When Iranian-made cruise missiles and drones slammed into Saudi oil facilities in September, America barely blinked. The Patriot missile-defence batteries it deployed to the kingdom weeks later have already been withdrawn. Outside the Persian Gulf Mr Trump has been even less engaged, all but ignoring the chaos in Libya, where Russia, Turkey and the UAE (to name but a few) are vying for control.

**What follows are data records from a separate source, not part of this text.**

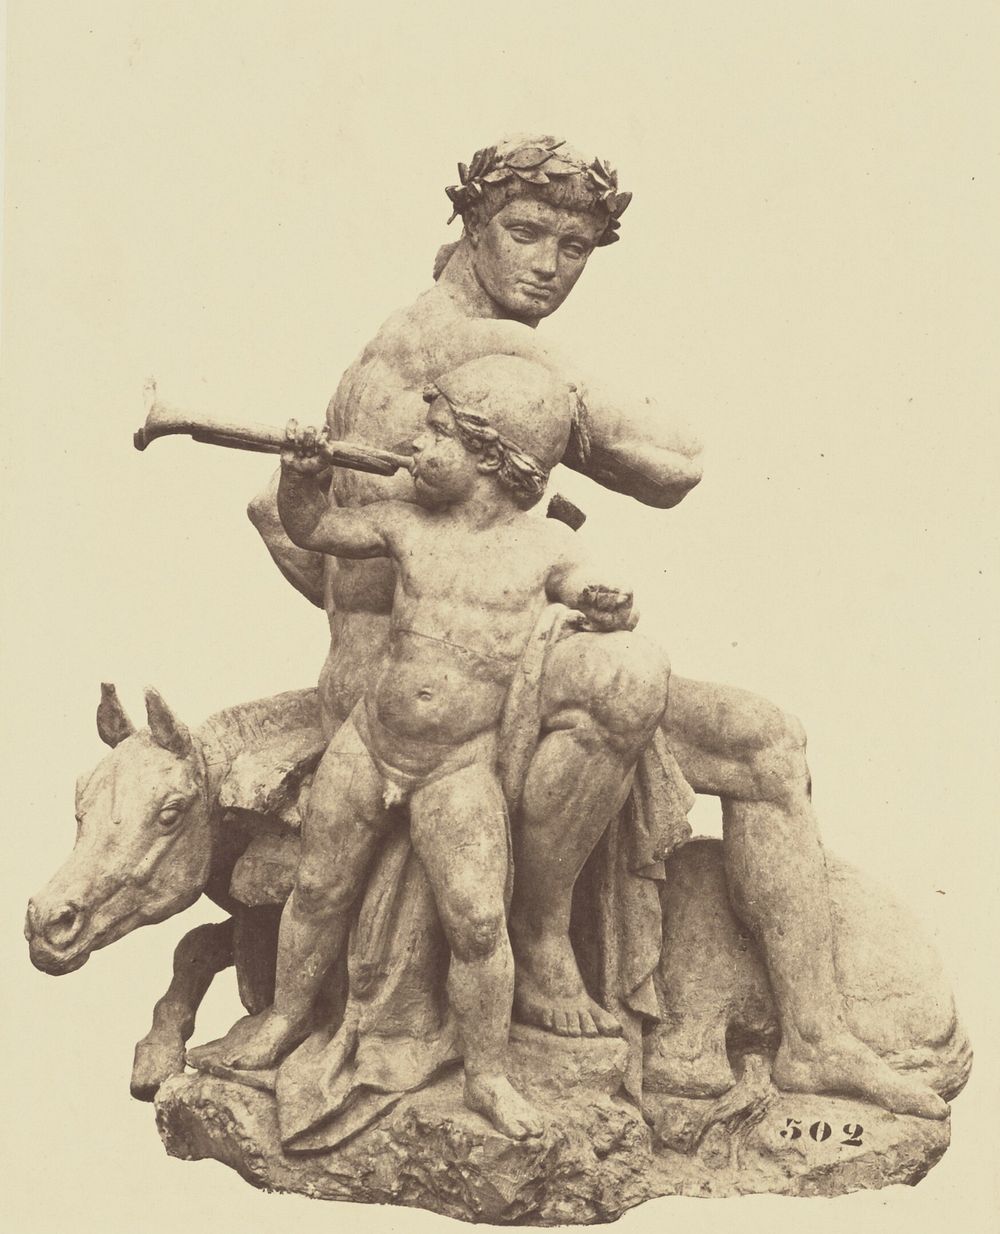 "La Victoire", Sculpture by Antoine-Louis Barye, Decoration of the Louvre, Paris by Édouard Baldus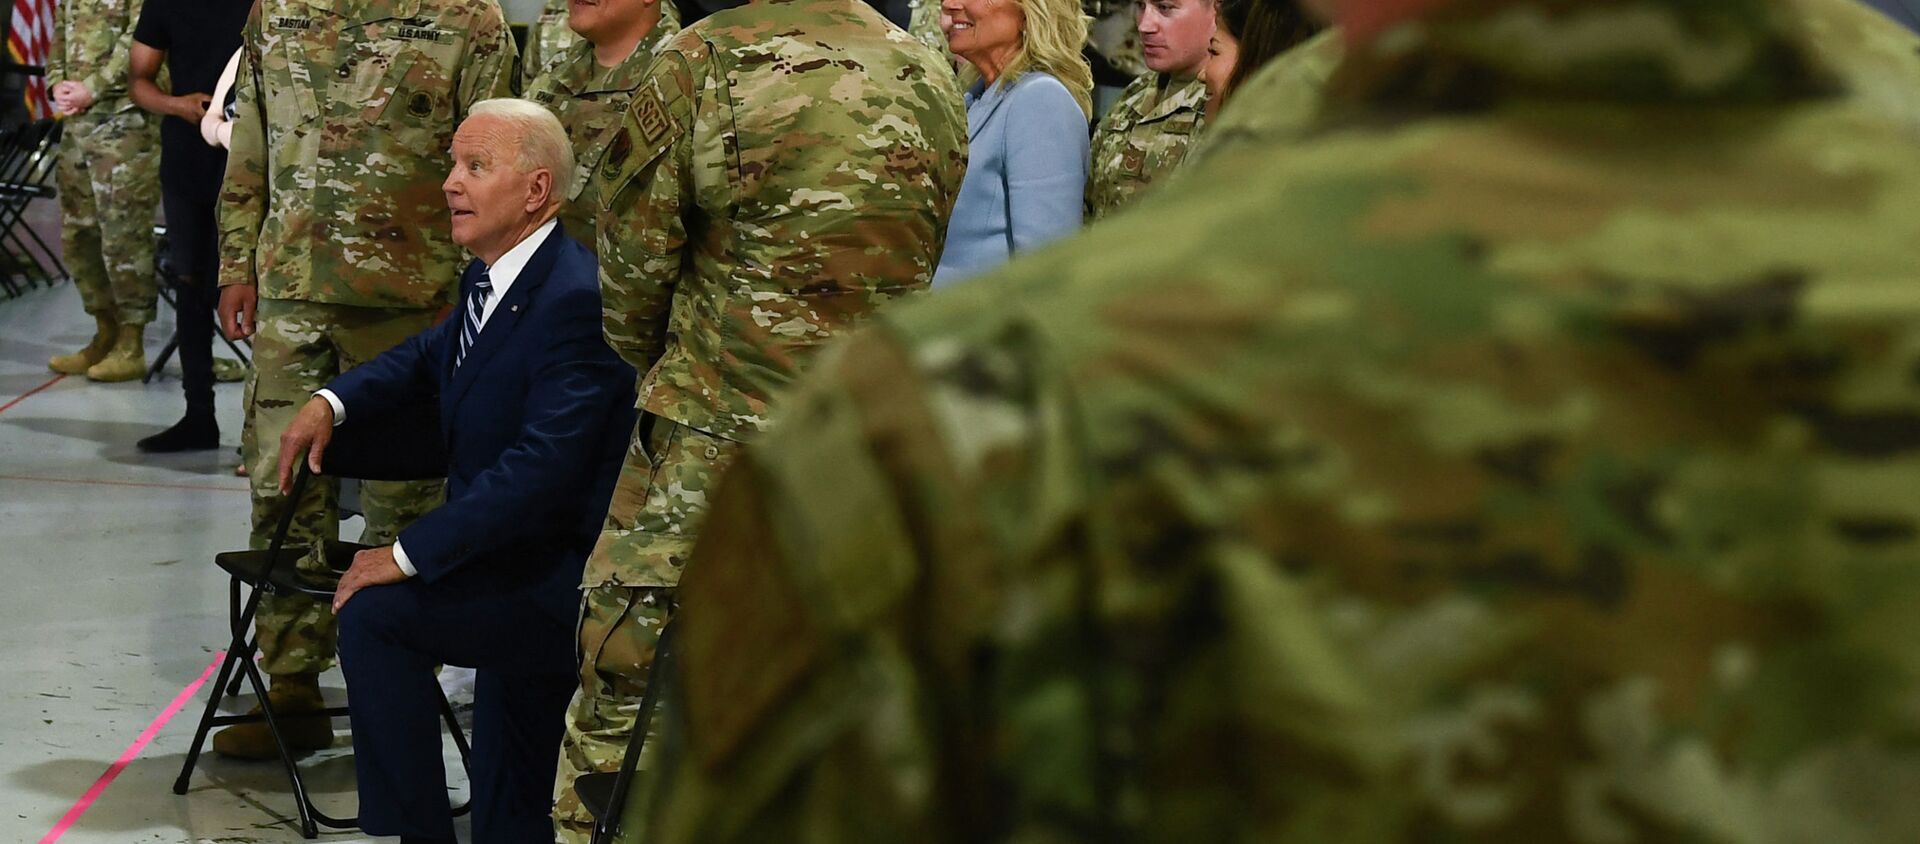 Президент США Джо Байден позирует с военнослужащими на базе Лэнгли-Юстис в Хэмптоне, штат Вирджиния. 28 мая 2021 года  - Sputnik Кыргызстан, 1920, 30.05.2021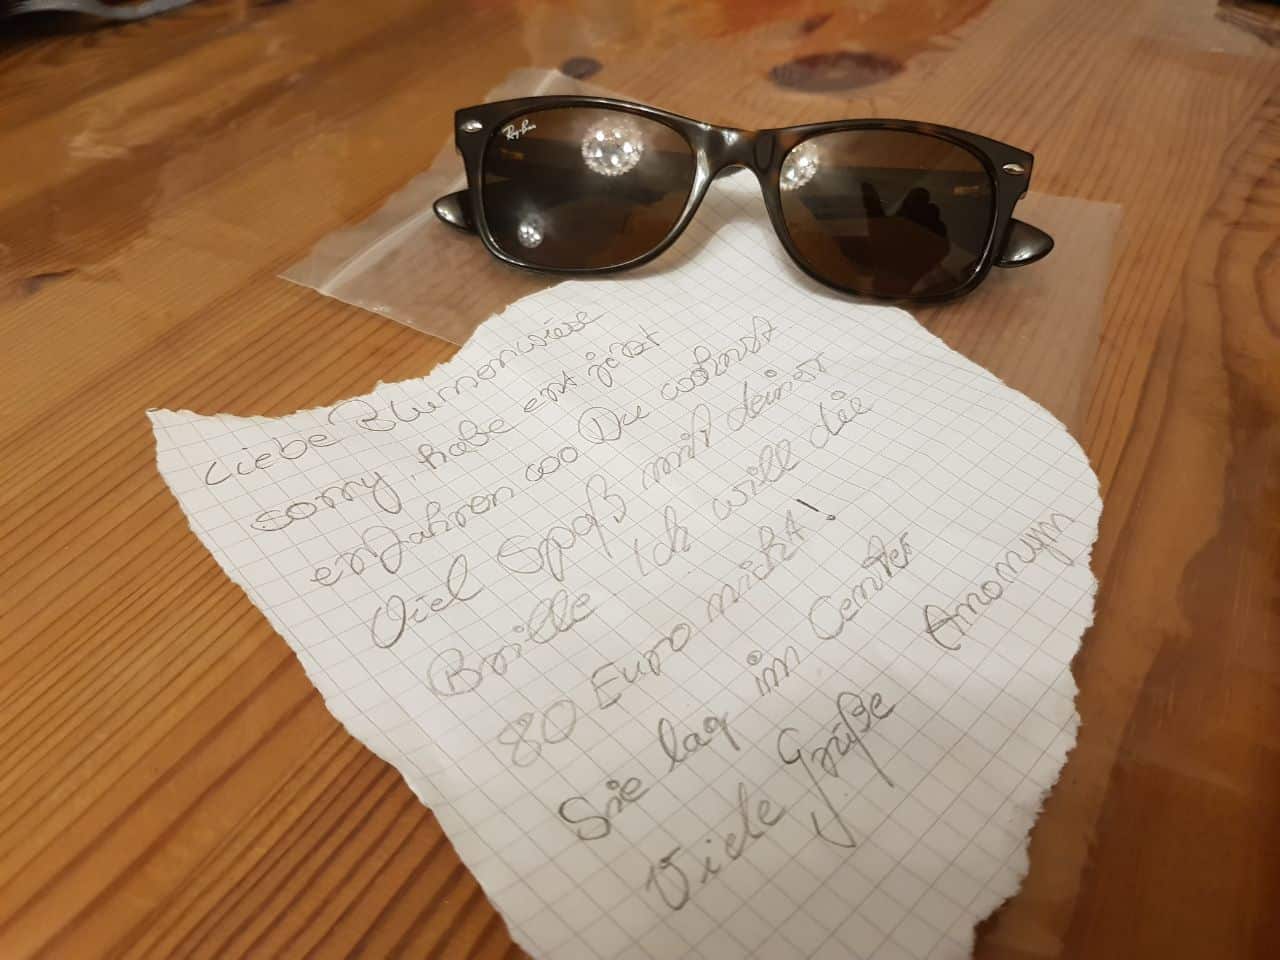 Bernau: Verlorene Sonnenbrille mit Happy End und ohne Finderlohn

A Middle East less central to the world’s energy supplies will be a Middle East less important to America. Russia may fill the void in places, but its regional interests are narrow, such as its determination to preserve its Mediterranean port at Tartus in Syria. It does not wish to—and probably cannot—extend a security umbrella across the Arabian peninsula.
China has tried to stay out of the region’s politics, pursuing only economic benefits: construction contracts in Algeria, port concessions in Egypt, a wide range of deals in the Persian Gulf.
As Arab states become poorer, though, the nature of their relationship with China may change. This is already happening in Iran, where American sanctions have choked off oil revenue.
Officials are discussing a long-term investment deal that could see Chinese firms develop everything from ports to telecoms. It is framed as a “strategic partnership”, but critics worry it could leave China in control of the infrastructure it builds, as it has in some indebted Asian and African countries. Falling oil revenue could force this model on Arab states—and perhaps complicate what remains of their relations with America.